|
• беда: Мор – беда, которая вызывает обострение старой болезни, катализирует скрытые и заложенные в геноме предрасположенности к тем или иным недугам или вызывает общее ослабление защитных функций организма, что приводит к заболеваниям вирусного и бактериального характера. Описание Механизм активации «мора» заложен в полярных эмоциях – ненависти и любви. Проклятью подвергается только тот человек, к которому бедовый испытывает либо сильную ненависть, либо пылкую любовь и/или дружескую крепкую привязанность. Во втором случае это может стать элементом отката – бедовый не имеет возможности построить отношения и позволить себе пойти с кем-то на эмоциональное и физическое сближение. Кроме того, при воздействии на чужой организм сам бедовый начинает ощущать, как с его другом/любимым/врагом начинают происходить изменения – это выражается в чувстве боли, характерной для пробудившейся болезни, тошноте, и прочих побочных действиях. При этом сам бедовый ничем не заболевает. Воздействие на организм другого человека варьируется от времени, в течение которого это воздействие оказывается. Краткий контакт не скажется на том, с кем бедовый находится рядом, ничем, кроме простуды или общего недомогания (если человек в целом здоров), но чем дольше такой контакт будет длиться, тем более серьёзные последствия проявят себя в будущем (например, выявление раковых опухолей разной стадии, «осквернение» плода у беременных женщин). Важно, что бедовый не может «наслать» какое-либо конкретное заболевание на того или иного человека, а «вынимает» из родословной те заболевания, которые уже когда-то проскользнули в генетической памяти семьи. В случаях, если так вышло, что человек здоров как бык, провоцируется общее ослабление защитной системы организма, что приводит к заболеваниям из-за воздействия внешних раздражителей – вирусов, бактерий, паразитов и прочего.

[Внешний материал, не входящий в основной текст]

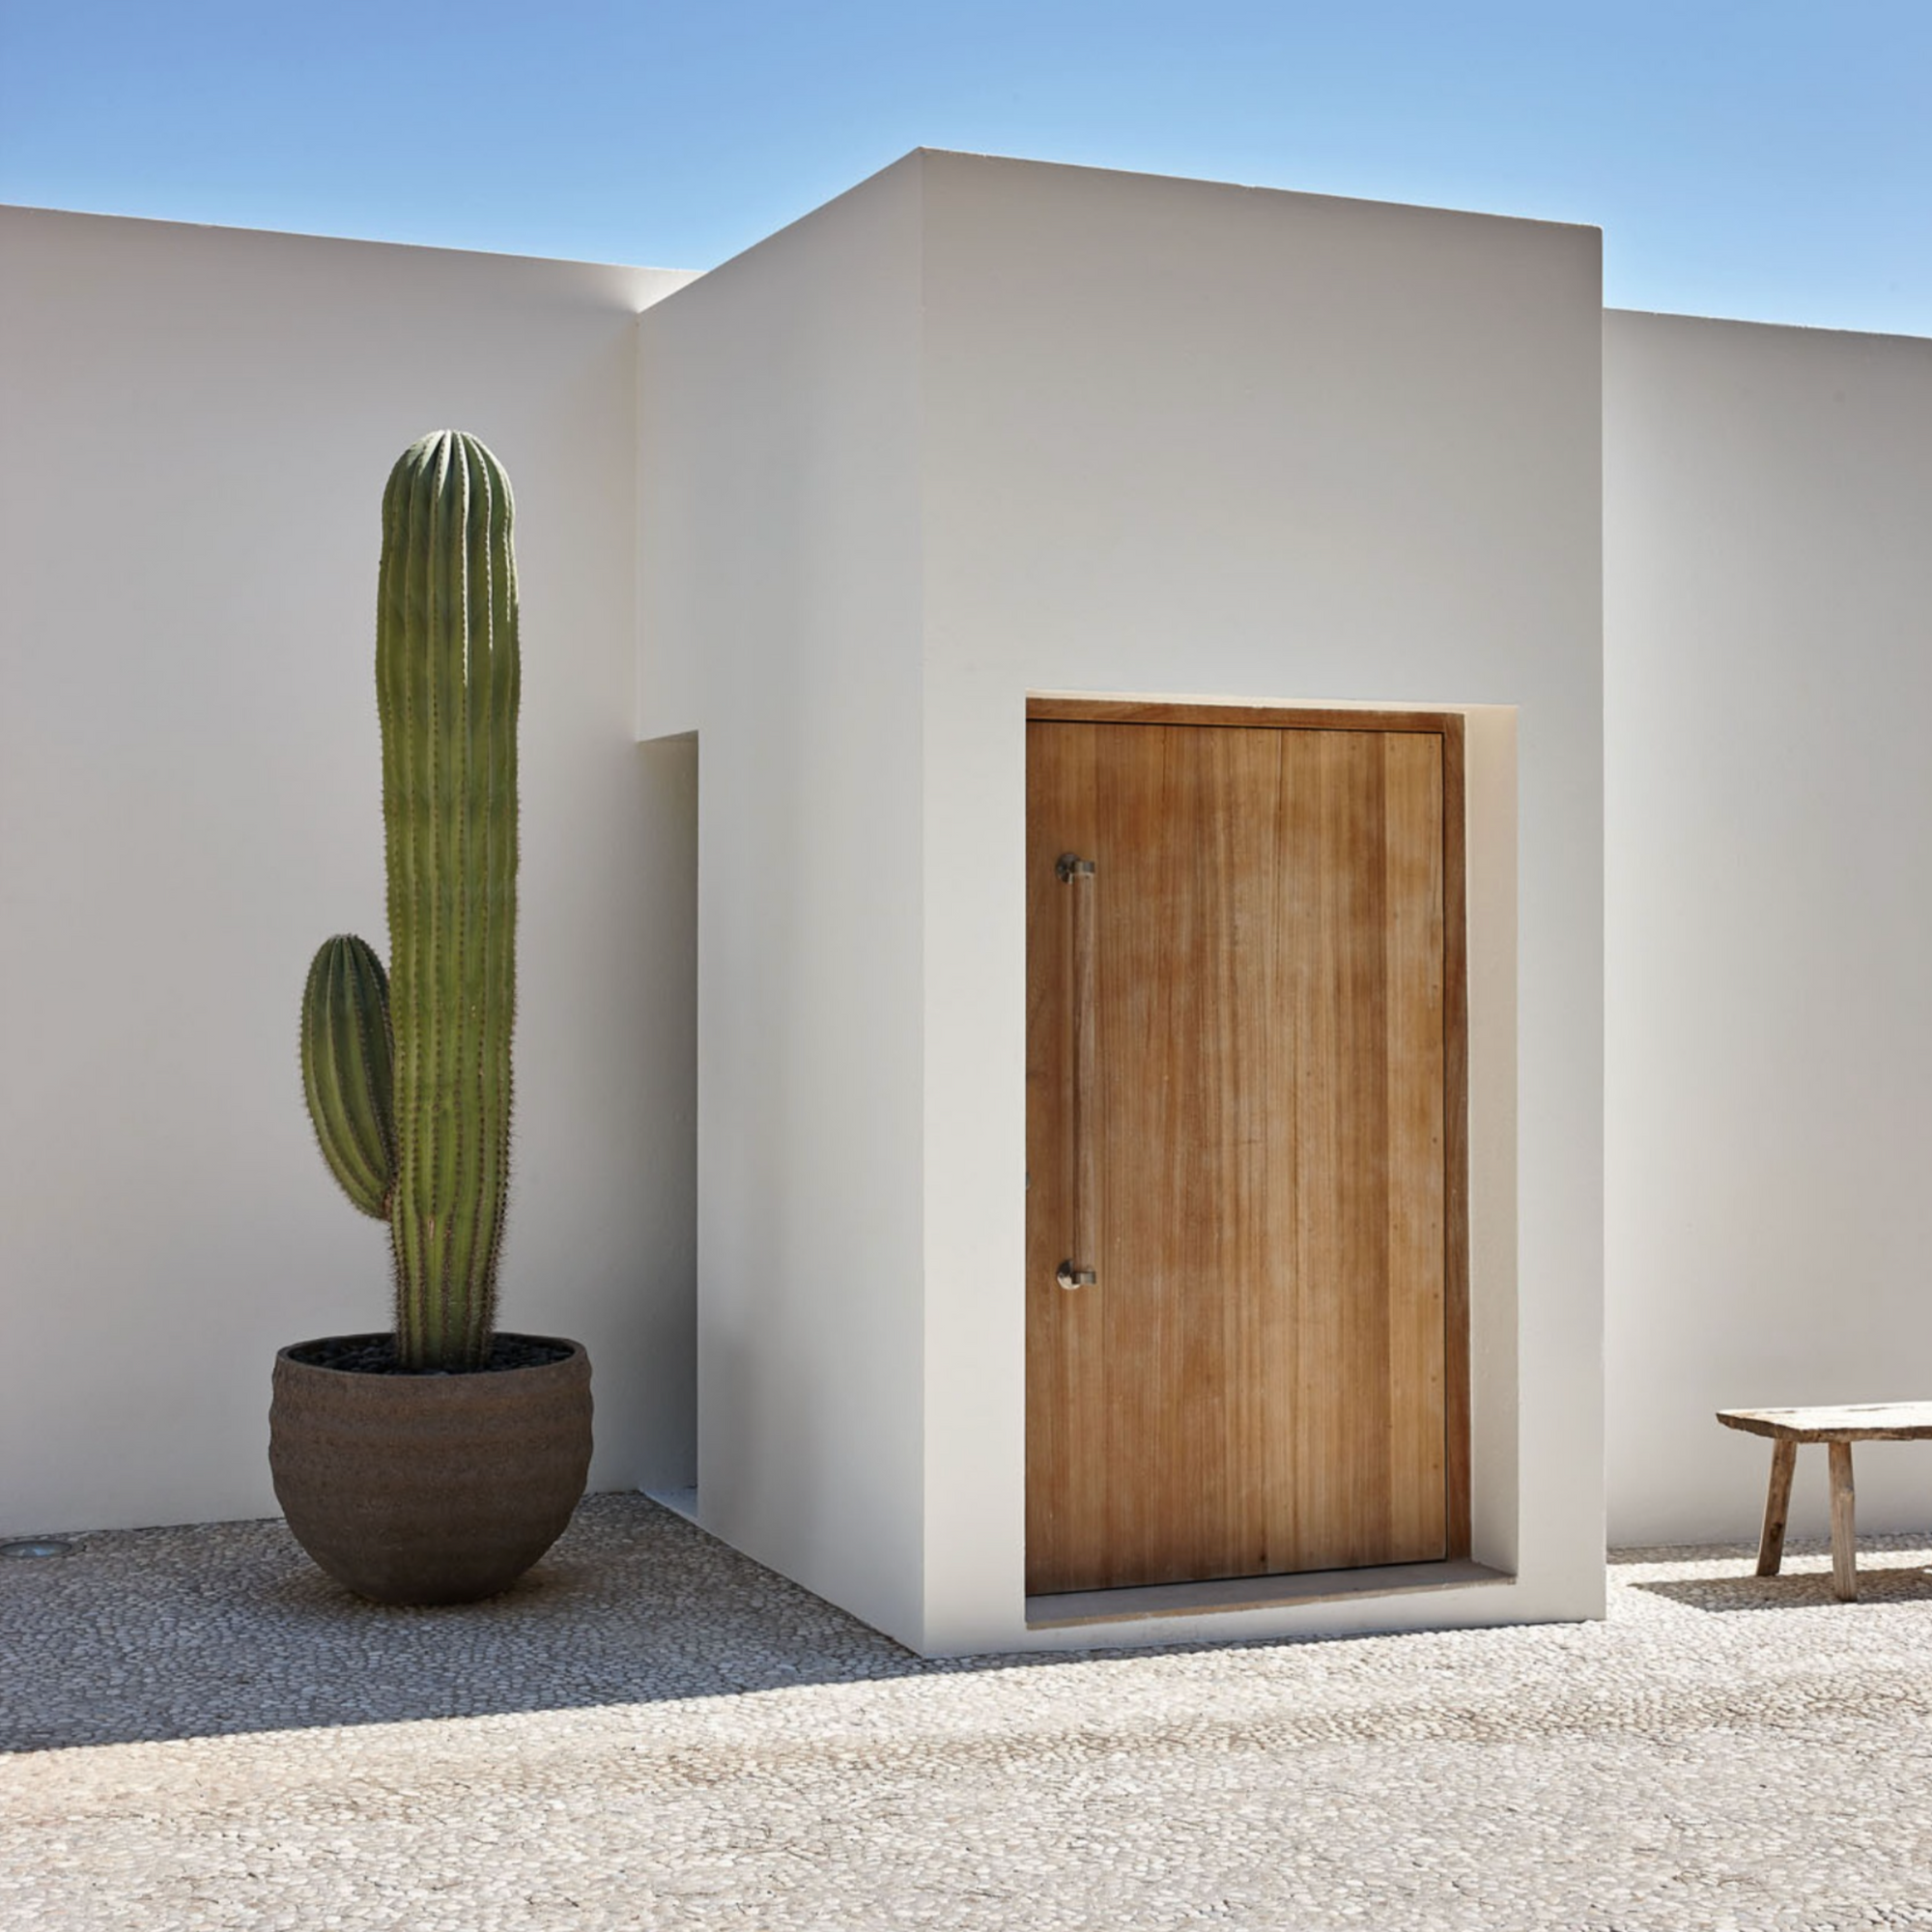 Atelier Vierkant UR90 mit einem Kaktus vor einer weißen Hauswand auf Mallorca.

• место в сюжете: Больше интересует развитие персонажа в личных сюжетных линиях (этому способствует и характер персонажа), однако, не буду против поучаствовать и в сюжете, это поможет раскрыть персонажа с разных сторон.
• судьба персонажа: Написать некролог в местной газете с известием о самоубийстве – только поэтично, пожалуйста.
• характер: Шизоидный тип личности. Отстранённый и холодный как ледник, хороший слушатель, собеседник – ужасный. Лишнего слова из него не вытянешь, речь его насыщенная, но краткая, выдаваемая в час по чайной ложке лишь в рамках установленного разговора. Не умеет врать, зато мастерски уходит от вопросов и перепрыгивает с темы на тему, либо и вовсе поступает проще, разворачиваясь на пятках и исчезая, если ситуация вдруг начинает его слишком тяготить. Движения Токи выдают его скованный временем внутренний надлом – передвигается он машинально с марионеточной «грацией», быстрыми шагами пересекая улицы Хэйвена на почти не гнущихся ногах, будто торопится от чего-то скрыться. Он не из тех, кто резко отталкивает, язвит и срывается – скорее, из тех, кто держится на расстоянии вытянутой руки, поддерживая видимость социально приемлемого дружелюбия; впрочем, ответной улыбки от него не дождёшься. Он никогда не злится и никогда не радуется, непоколебимое самообладание соседствует в его образе с постусторонней лёгкой заторможенностью. Весь его облик сквозит вопиющей невзаимностью, неготовностью идти навстречу, что вызывало в окружающих жалость по отношению к Токи лишь до периода его пубертата, теперь же – ответную неприязнь как реакцию на неверно распознанную надменность. Таким одиночкам как он не место в притёршихся кирпичами местах вроде Хэйвена – хотя Токи эгоцентрически считает, что места ему нет вообще нигде.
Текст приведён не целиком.